The subspecies T. s. polystictus, Damara tiger snake, is found in the highveld of Namibia and northwest South Africa, has a more mottled appearance and more black bands (up to 75), and may be a separate species.

==Habitat and behaviour==
Telescopus semiannulatus is found in both dry and humid subtropical and tropical habitats, from rocky desert, scrub and savanna, to lowland forest. Largely terrestrial but sometimes arboreal, it shelters under bark and rock or in thatched roofs. It is a nocturnal snake.

==Venom==
Telescopus semiannulatus is rear-fanged and mildly venomous, but not dangerous to humans. Localized swelling might occur. Because Telescopus semiannulatus feeds mostly on lizards, the venom is more effective on other reptiles.

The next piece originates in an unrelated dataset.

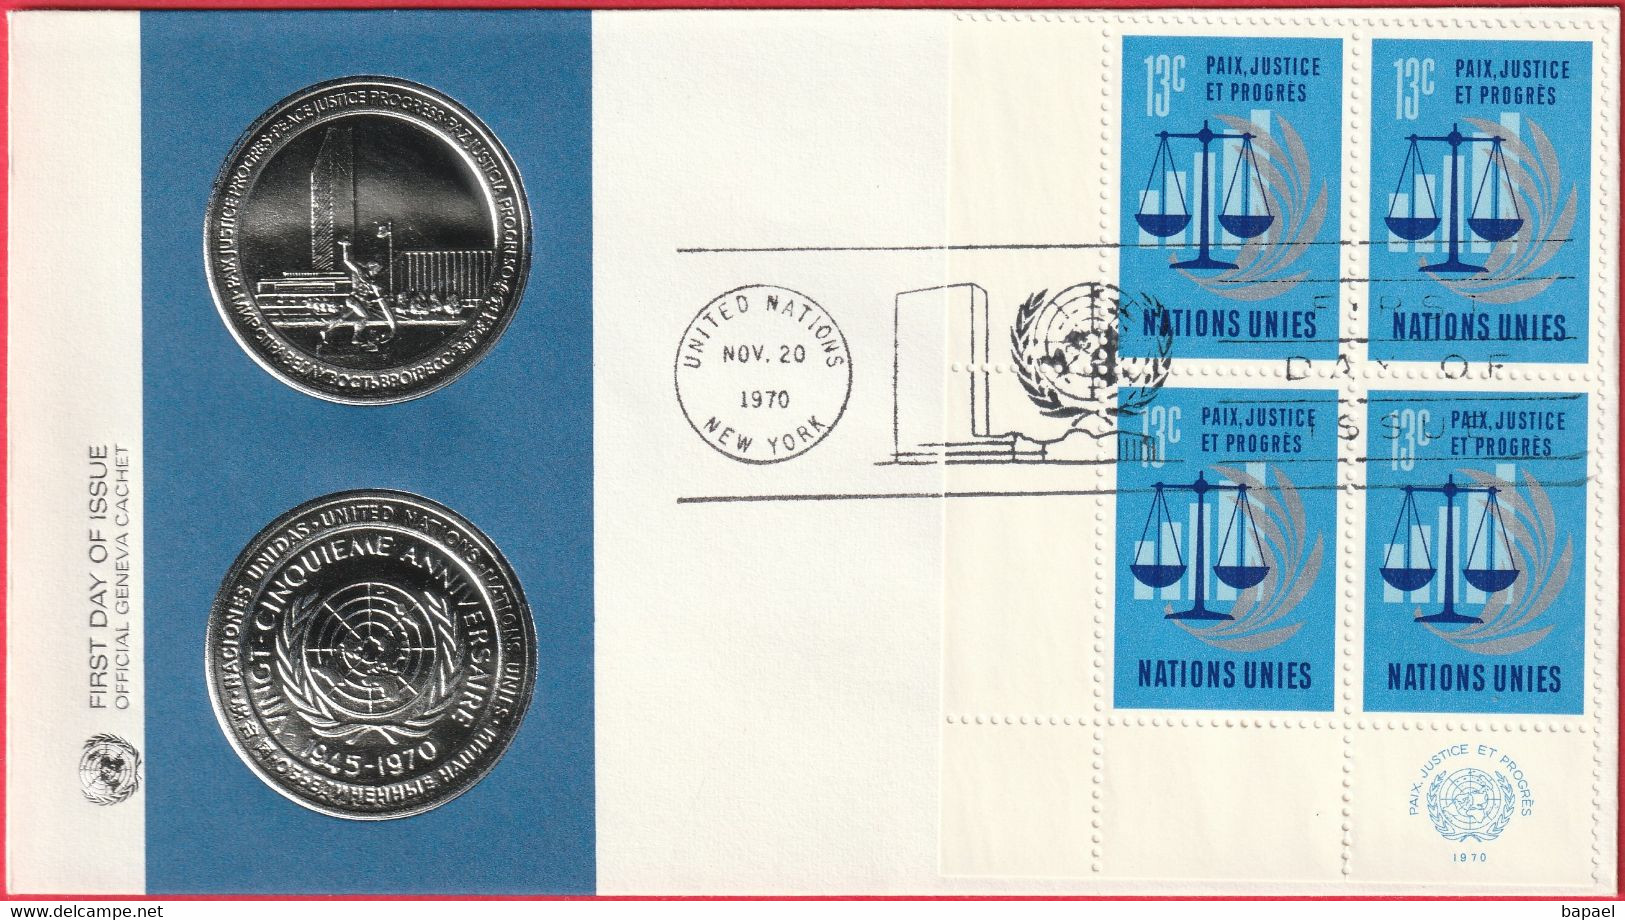 FDC - Enveloppe - Nations Unies - (New-York) (20-11-70) - Paix Justice Et Progrès (2) (Recto-Verso) - Briefe U. Dokumente
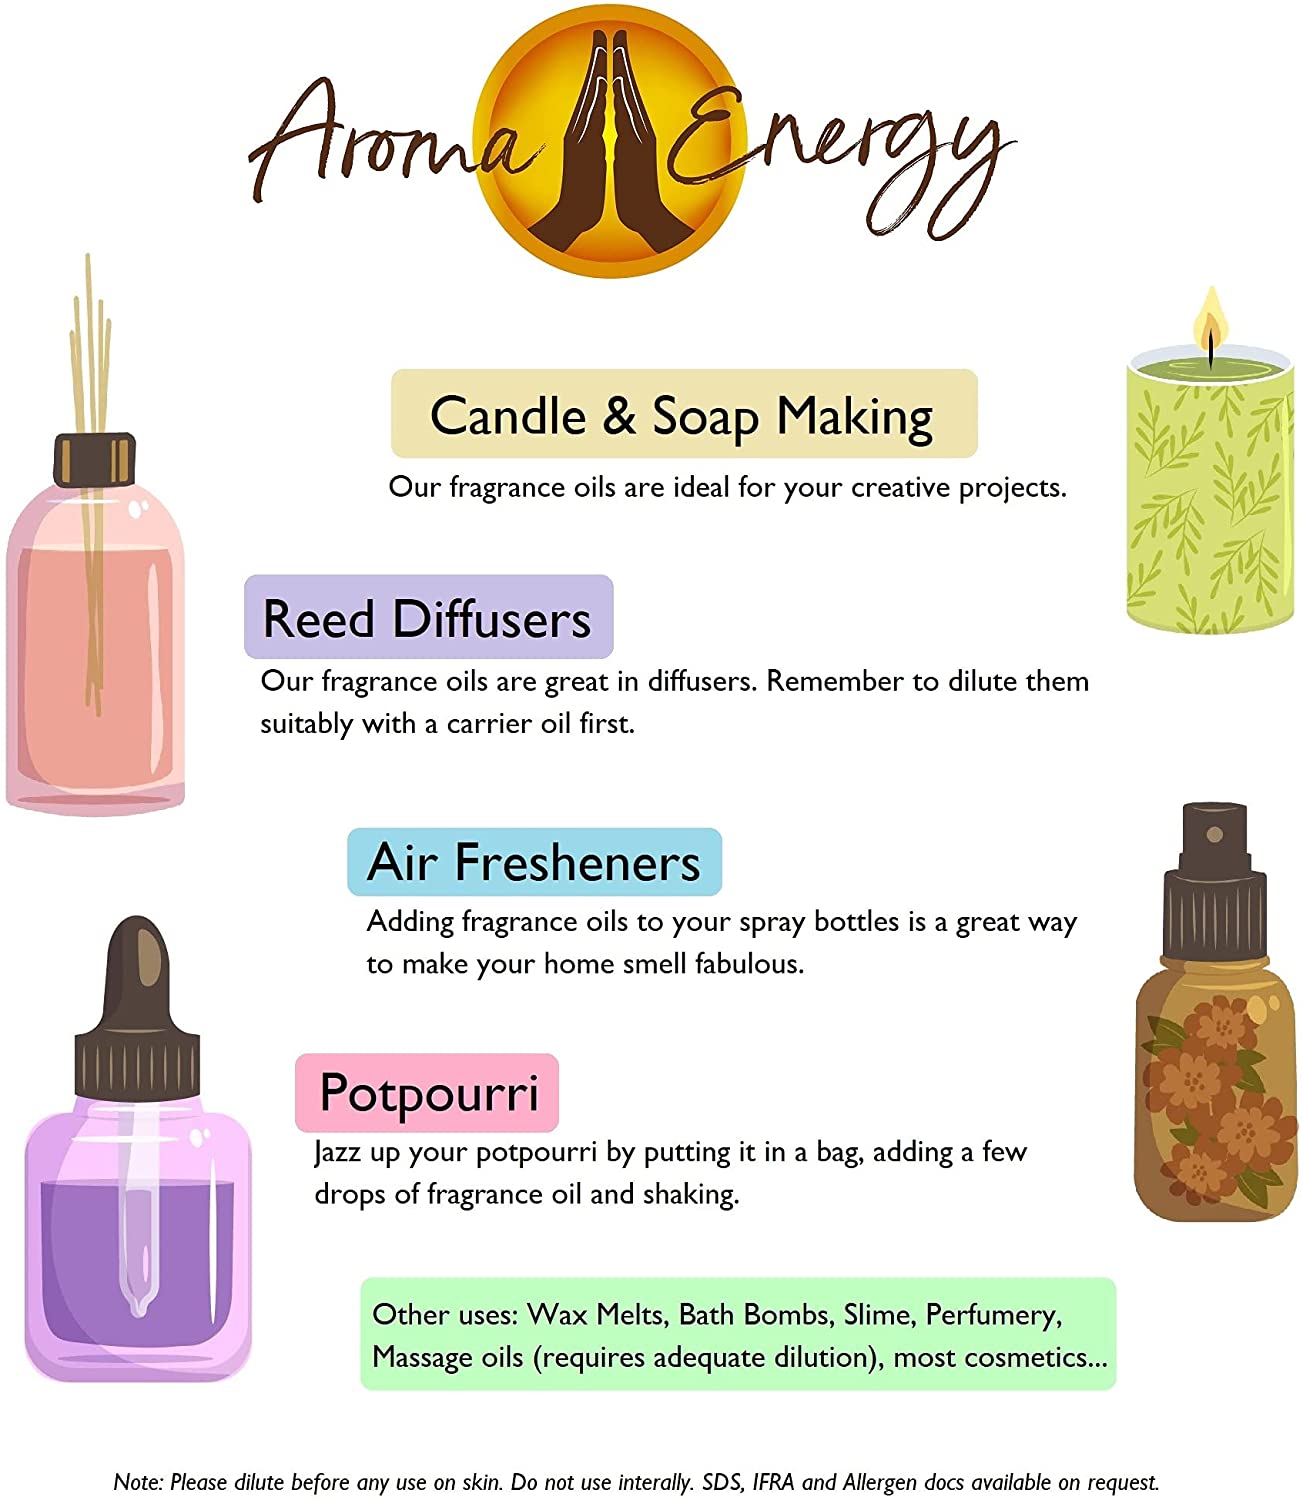 Sweet Pea Fragrance Oil - Aroma Energy

The fangs are grooved rather than hollow. When Telescopus semiannulatus grabs onto its prey, it holds on and chews venom into the wound, adding constriction to immobilize prey.

==Diet==
Its diet is largely lizards, especially geckos, but also small rodents and fledgling birds and bats.

==Captivity==
Initially T. semiannulatus strikes readily, but the venom is not dangerous to humans, and it tames quickly. In captivity it accepts geckos while larger individuals will take half-grown mice. Even smaller animals are eating fresh born mice. In captivity it gets really calm and is interested in the things that happen around.

==Breeding==
The tiger snake is oviparous. Females lay half a dozen to several dozen eggs in damp leaf litter.